Взявшись ладонями за абсолютно плоский живот, я медленно села на край кровати, смотря в одну точку и прокручивая в голове её последние слова.

Слова, которые я буду часто вспоминать даже спустя долгие годы.

Часть 24

Санкт-Петербург, 2013 год, март.

Наступила весна, но Питер этот факт упорно проигнорировал.

Грязно-серые кучи утрамбованного снега «украшали» каждый двор: утром — противная мелкая морось, вечером — снегопад, ночью — заморозки. Чертыхаясь, приходилось пробираться от подъезда к остановке чуть ли не ползком, поскальзываясь на каждом шагу.

Люди, по самые уши завернувшись в шарфы, с унылыми лицами вяло сновали по нечищеным тротуарам, мечтая наконец пробудиться от зимнего анабиоза. Уже хотелось скинуть с себя надоевший ворох одежды, расправив крылья навстречу весеннему солнышку.

— Хочешь, на следующие выходные съездим куда-нибудь за город, снимем домик с баней…

— Спрашиваешь? Конечно хочу! — радостно отозвалась я, уткнувшись лицом в обнаженную грудь Марата. Волоски щекотали нос: хотелось чихнуть и засмеяться одновременно.

Мы лежали накрывшись по пояс одеялом. Он почесывал мою обнаженную спину, лениво вырисовывая пальцами витиеватые узоры, так нежно, что хотелось мурчать от удовольствия.
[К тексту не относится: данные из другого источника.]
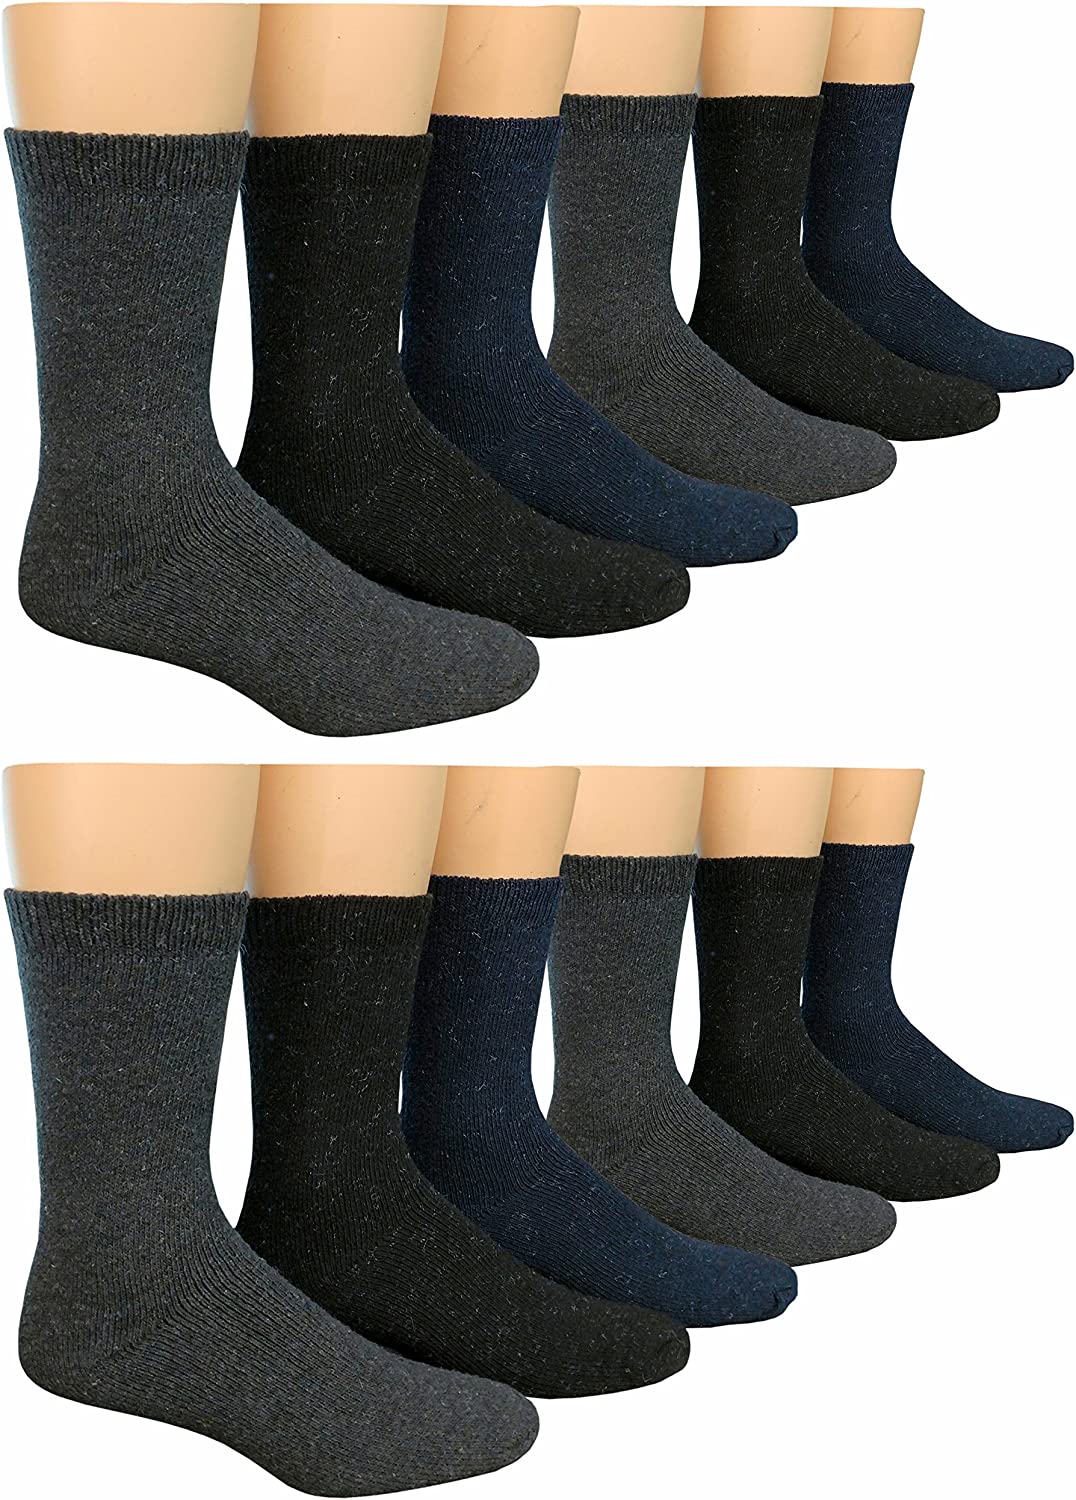 SOCKS'NBULK 12 Pairs of Mens Heavy Duty Wool Blend Winter Warm Work Socks - image 1 of 4

После того как я узнала, что он женат, наши отношения стали другого формата, более открытыми, раскрепощенными и, как бы это парадоксально не звучало, — мы стали ближе. Его главный секрет был раскрыт, стена недосказанности рухнула. Теперь я знала, кто ему звонит, когда он, украдкой, краем глаза, смотрит на экран телефона, а потом, сбрасывая вызов, небрежно бросает аппарат в карман. Знала, где он пропадает в выходные и с кем проводит вечера, когда не был рядом со мной. Он был с ней.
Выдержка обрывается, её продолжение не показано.